Pengetahuan lain yang harus dikuasai adalah penguasaan terhadap metodologi ilmiah islami, karena produksi dari islamisasi pengetahuan tergantung pada munculnya metode yang Islami (Safi: Ancangan Metodologi Alternatif, 2001)
Kata “menguasai atau penguasaan terhadap pengetahuan substantif yang kita maksudkan bukanlah sesuatu yang absolut, melainkan sebuah istilah yang relatif. Istilah ini hanya untuk menunjukkan adanya pengetahuan yang telah dapat dicapai oleh sarjana, terbatas pada waktu dan tingkat perkembangan yang telah dicapai dalam disiplin itu (Safi: 2001). Ini untuk menunjukkan bahwa program Islamisasi ilmu ini bersifat ijtihadi dan karenanya merupakan program dinamis yang akan selalu mengalami perbaikan pada beberapa aspek dan produknya.
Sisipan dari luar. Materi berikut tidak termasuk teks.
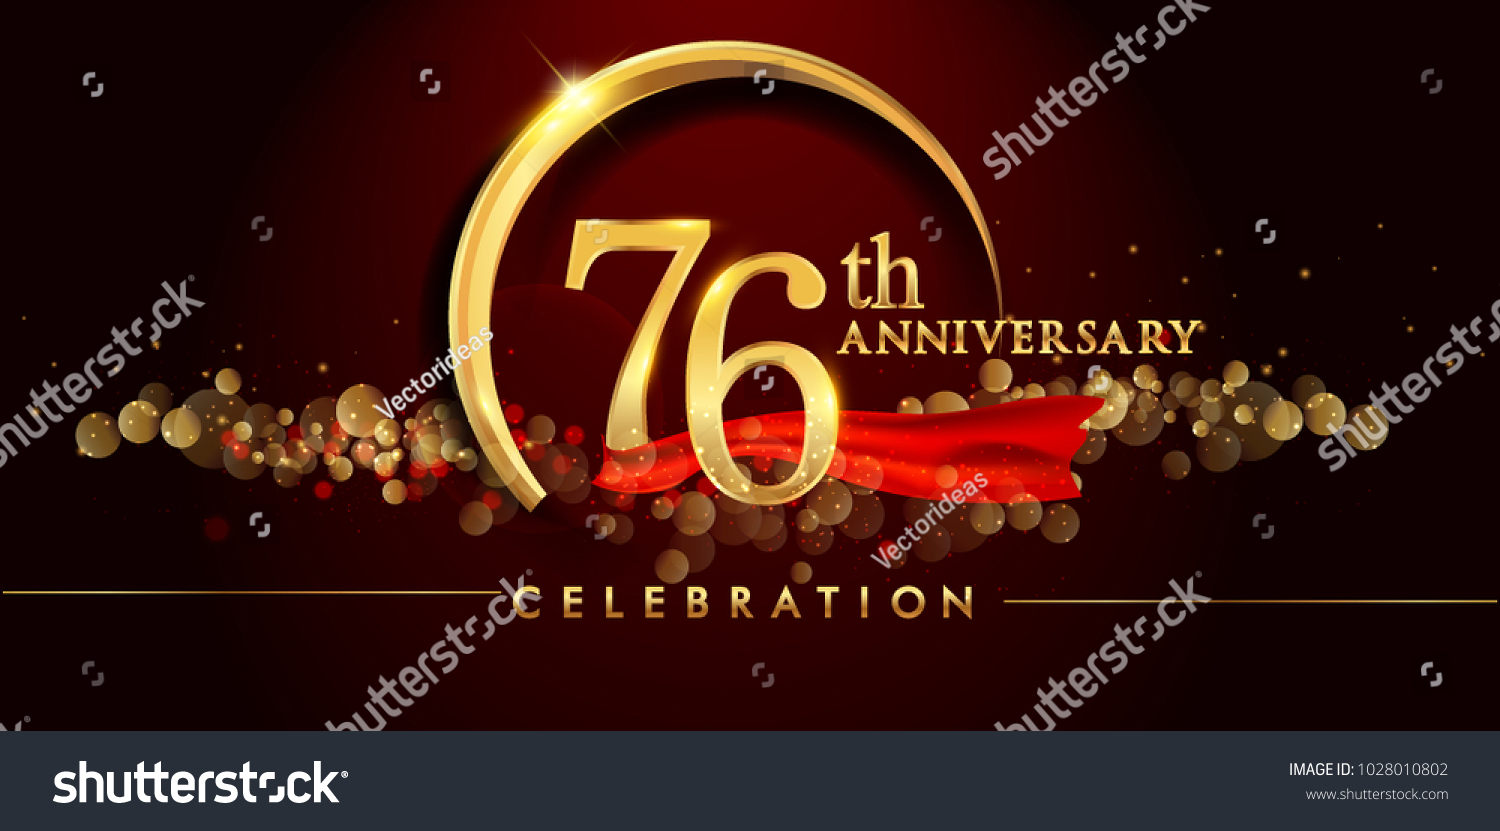 76th Anniversary Logo With Golden Ring Confetti Royalty Free Stock Vector 1028010802 3399

Nah, merujuk pada beberapa persyaratan teoritis-praktis di atas, maka pertanyaannya adalah “Sejauh mana Hidayatullah telah memiliki sejumlah ilmuwan tersebut.?Inventarisasi terhadap sejumlah ilmuwan yang kita miliki adalah dimaksudkan untuk memastikan bahwa kurikulum integral yang kita berlakukan dalam pendidikan, bukanlah sebuah labelisasi semata. Tetapi sebuah rumusan konfrehensif yang telah melalui sejumlah syarat-syarat tersebut di atas. Di samping itu, juga dimaksudkan sebagai amunisi intelektual agar kita memiliki kesiapan dan kekuatan berhadapan dengan serangan pemikiran Barat. Dalam kerangka ini, maka strategi pendidikan Hidayatullah sebaiknya dimaksudkan untuk memperbanyak jumlah stok ilmuwan, cendikiawan dan pemikir yang menguasai seluruh disiplin keilmuan. Sebab, kita tidak mungkin membayangkan membuminya kembali peradaban Islam, tanpa kehadiran para intelektual yang hebat. Seperti nabi yang merindukan keislaman Umar, karena beliau sadar agama ini membutuhkan lebih banyak orang-orang yang terbaik.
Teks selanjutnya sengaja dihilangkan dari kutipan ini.